Es war einmal ein junges Huhn, das lebte in einem Hühnerhof. Der Hühnerhof war umgeben von einem Garten, und der Garten war umgeben von einem Zaun. Das Huhn war sehr klein und konnte noch nicht auf die Stange springen. So sah es nur bis zum Zaun. Es war überzeugt: Die Welt reicht bis zum Gartenzaun.

Eines Tages feierte das Huhn Geburtstag. Es war ein wichtiger Tag, denn nun wurde es volljährig. Und die Hühnermama trippelte auf es zu und sagte zu ihm: "Mein Kind, heute wirst du ein mündiges Huhn. Und jetzt sollst du ein Geheimnis erfahren: Die Welt reicht nicht nur bis zum Gartenzaun. Spring mit mir auf die Stange und sieh: Die Welt reicht bis dort drüben zum Wald."

Sind auch wir so blind für die Wirklichkeit, so blind für Gottes Gegenwart und Liebe? Machen wir doch die Augen auf, um Gottes Wunder zu erkennen! Wir beten:

HERR, Du gabst mir zwei Augen, dass ich Deine Wunder sehe:
den hellen Glanz der Sonne, die Blumen auf dem Feld.
So viel bringt mich ins Staunen, was ich noch nicht verstehe,
doch alles zeugt von Deiner Liebe, Gott und Vater, HERR der Welt.

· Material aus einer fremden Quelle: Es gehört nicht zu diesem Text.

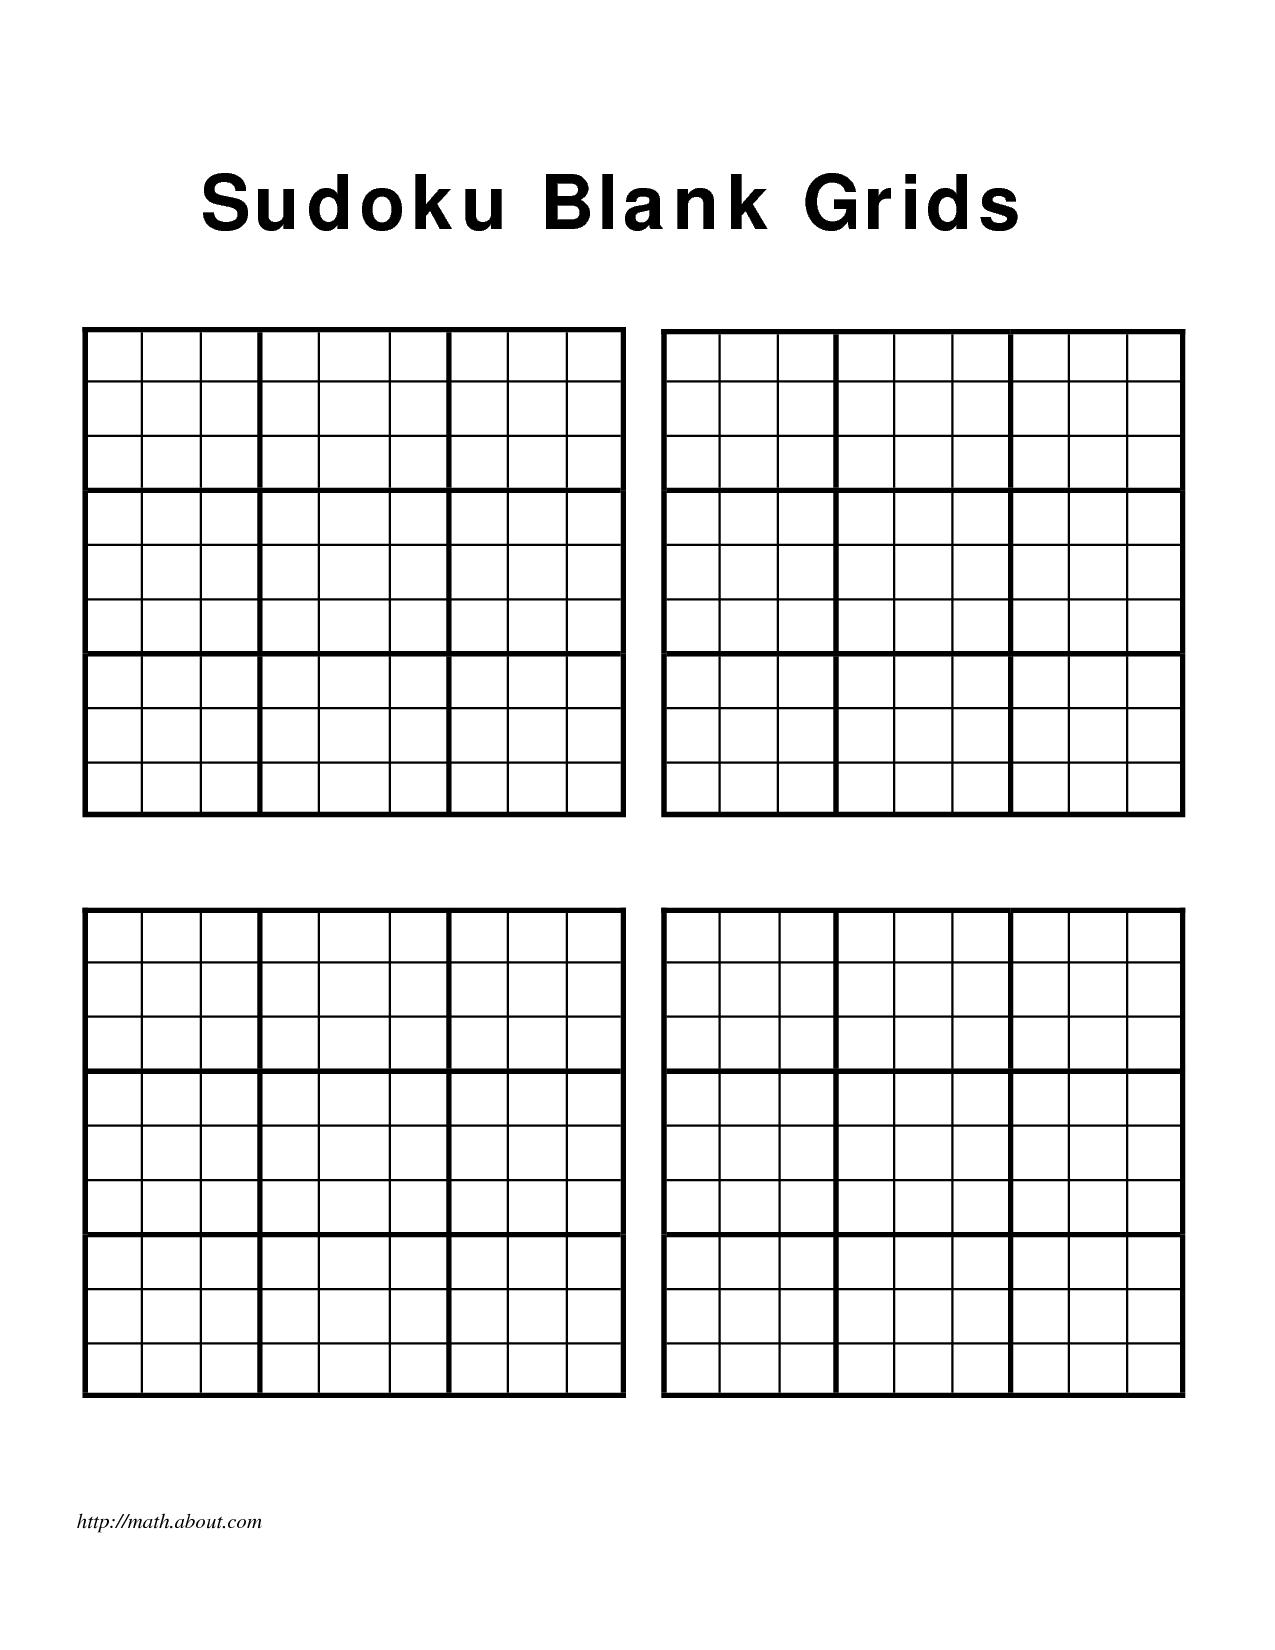 Printable Sudoku Grids 2 Per Page
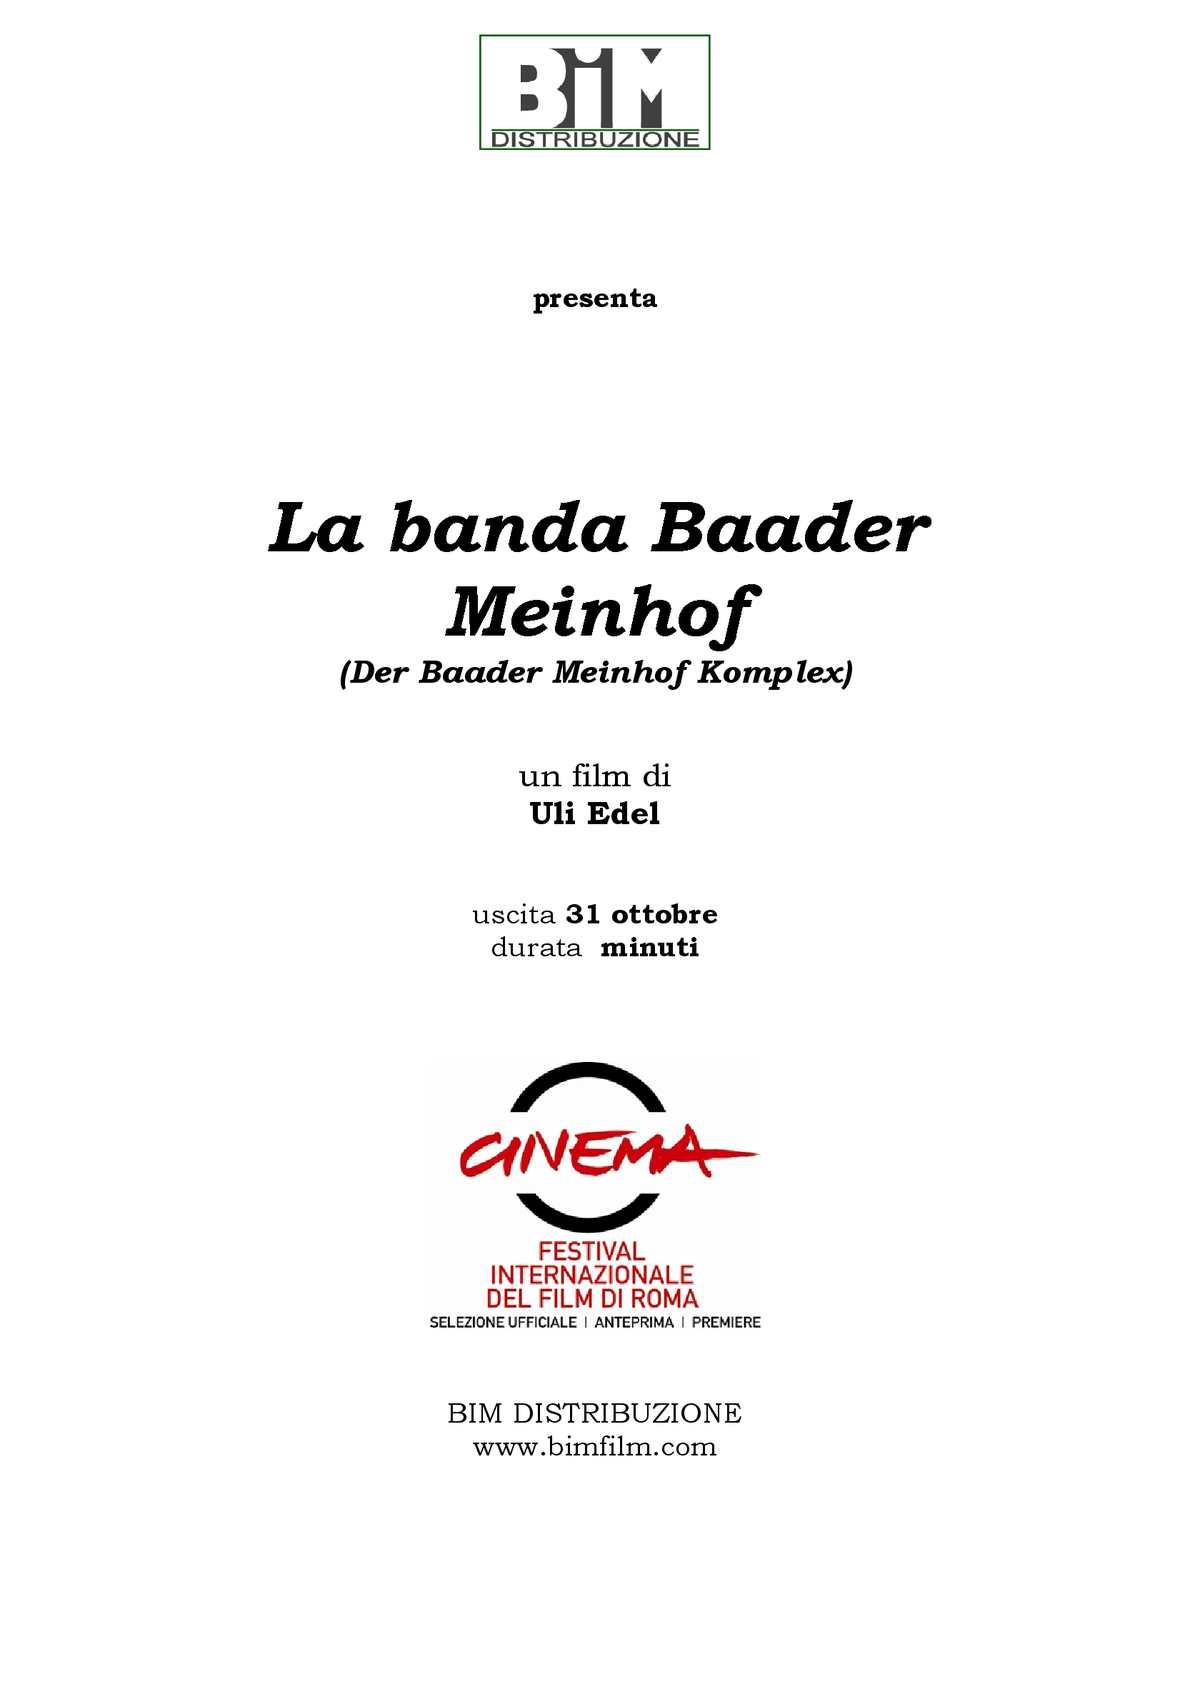 La Banda Bader Meinhof

HERR, Du gabst mir zwei Ohren, dass ich Deine Stimme höre,
die mir voll Liebe zuruft: "Komm heim ins Vaterhaus!"
Du gibst mich nicht verloren, willst, dass ich mich bekehre.
Ich weiß, Du nimmst mich freudig an, wirfst Deine Kinder nicht hinaus.

HERR, Du gabst mir zwei Beine, dass ich Deinem Wege folge.
Mag er auch schmal und steil sein - zum Leben will er führ'n.
Und stolpr' ich über Steine im Schatten mancher Wolke,
darf ich beim Aufsteh'n stets die Wärme, Vater, Deiner Hände spür'n.

HERR, Du gabst mir zwei Hände, dass ich Deinen Auftrag tue,
Dein Reich mit aufzubauen an jedem Ort der Welt.
Ich bitte Dich: Beende Bequemlichkeit und Ruhe!
HERR, öffne Herzen, dass Dein Wort auf reifen, guten Boden fällt!